Más digitalización y trazabilidad con ÍTACA
La digitalización tiene un peso importante dentro del nuevo modelo. ÍTACA ya forma parte del sistema de trazabilidad del sector ibérico y el nuevo protocolo amplía su utilización al integrar directamente la gestión de las salas de despiece.
Esto permite conectar mejor la información de diferentes fases y facilitar determinados controles administrativos.
El Protocolo de Certificación del Ibérico también adapta algunos plazos a la operativa real de las empresas y armoniza la forma de gestionar incidencias comerciales, como devoluciones o cambios de entidad de certificación.
Además, por primera vez se contempla un plazo de apelación cuando se produce una retirada de certificación, aportando mayores garantías dentro del propio procedimiento.
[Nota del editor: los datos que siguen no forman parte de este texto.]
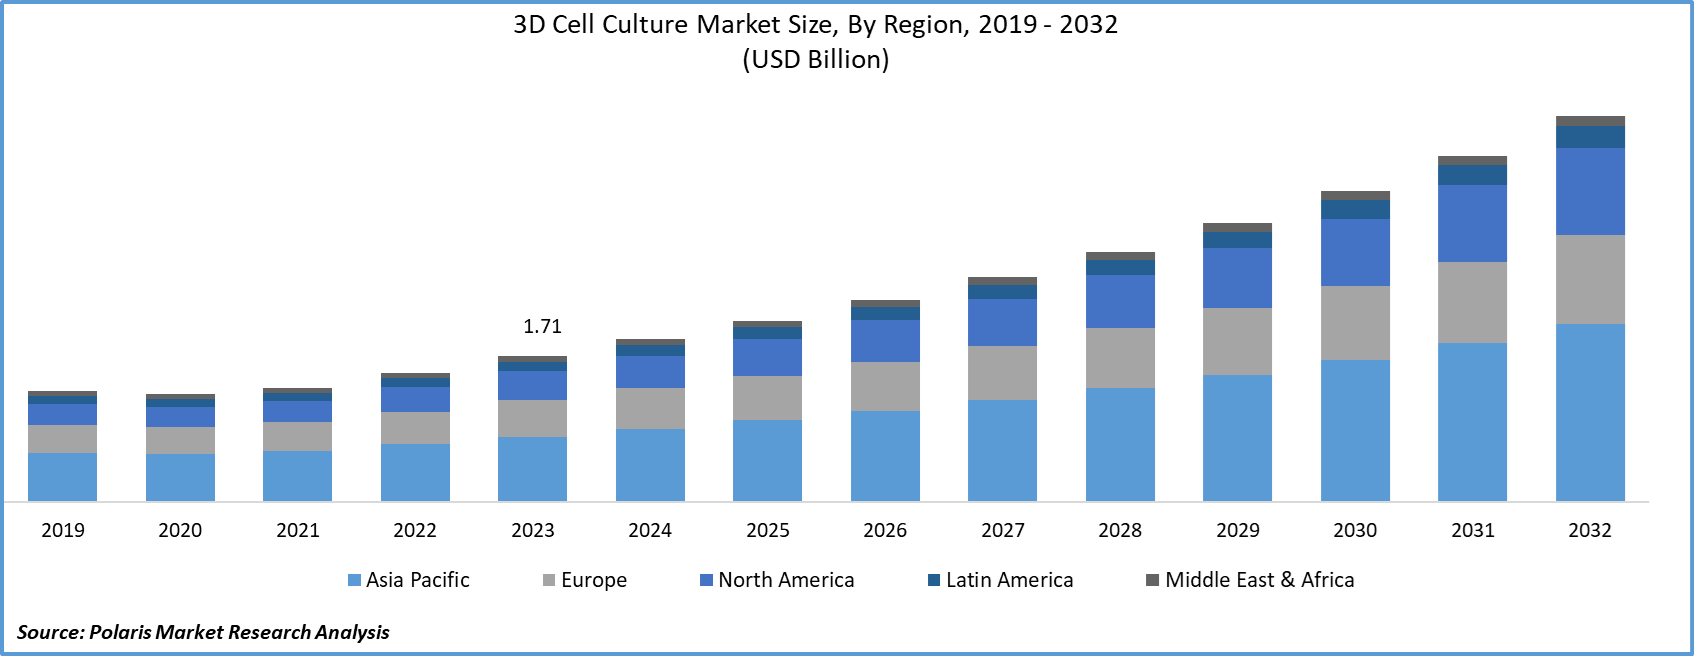 3D Cell Culture Market Size

Los precintos siguen siendo clave para quien compra
Los cambios técnicos no sustituyen el conocido sistema de identificación mediante precintos. Para el consumidor, los colores siguen siendo una de las referencias más sencillas a la hora de diferenciar categorías.
El negro identifica las piezas de bellota 100 % ibéricas; el rojo, las de bellota ibéricas con un porcentaje racial inferior al 100 %; el verde, las de cebo de campo ibérico; y el blanco, las de cebo ibérico.
El precinto no debe interpretarse de forma aislada. Conviene leer siempre la denominación completa del producto y tener en cuenta también la raza y el tipo de alimentación.
Si quieres profundizar en este tema, en nuestra guía sobre los precintos del jamón explicamos qué significa cada color y cómo utilizar esta información a la hora de elegir una pieza.
Qué implica para los jamones y paletillas que compramos
Para quien está eligiendo un jamón o una paletilla, el cambio no significa que en 2027 aparezcan nuevas categorías comerciales. Lo que se refuerza es el sistema de control que existe detrás de ellas.
En nuestro catálogo puedes encontrar actualmente jamones ibéricos de bellota, jamones ibéricos de cebo de campo, jamones de cebo, paletillas ibéricas y lomos ibéricos, entre otras opciones.
Por ejemplo, si buscas una pieza de bellota, puedes consultar nuestra selección de jamones ibéricos de bellota. También disponemos de alternativas de cebo de campo y diferentes paletillas para adaptar la compra al consumo, el gusto y el presupuesto de cada cliente.
No siempre es necesario elegir la categoría más alta para comprar bien. Lo importante es entender las diferencias y escoger una pieza coherente con lo que realmente buscamos.
Por qué la certificación importa al consumidor
Cuando una persona compra un producto ibérico, buena parte de la información que recibe se apoya en controles realizados mucho antes de que la pieza llegue a la tienda.
La raza, el sistema de alimentación, la identificación y la trazabilidad forman parte de un marco regulado. El nuevo protocolo pretende que esos controles se apliquen con criterios más homogéneos y procedimientos más claros.
Eso no significa que desaparezca cualquier posibilidad de error o irregularidad, pero sí que se refuerzan las herramientas destinadas a controlar la información que acompaña al producto.
Desde el punto de vista del comprador, cuanto más claro sea el sistema, más sencillo resulta comparar categorías y evitar confusiones entre bellota, cebo de campo o cebo.
Más control sin complicar la elección
La aplicación del nuevo Protocolo de Certificación del Ibérico comenzará el 1 de abril de 2027, tras el periodo previsto para que empresas y entidades de certificación adapten sus procedimientos.
Para nosotros, la parte más importante de esta evolución es sencilla: que detrás de cada categoría exista un sistema de trazabilidad y control cada vez más claro, mientras el cliente puede seguir centrándose en elegir el producto que mejor encaja con sus gustos.
En La Casa del Jamón seguiremos haciendo lo que resulta más útil en el momento de comprar: explicar las diferencias entre las piezas, ofrecer distintas categorías de ibérico y ayudar a elegir con información clara.
Porque entender qué significan un precinto, una denominación o una categoría no complica la compra. Al contrario, permite disfrutar del ibérico sabiendo mejor qué estamos eligiendo.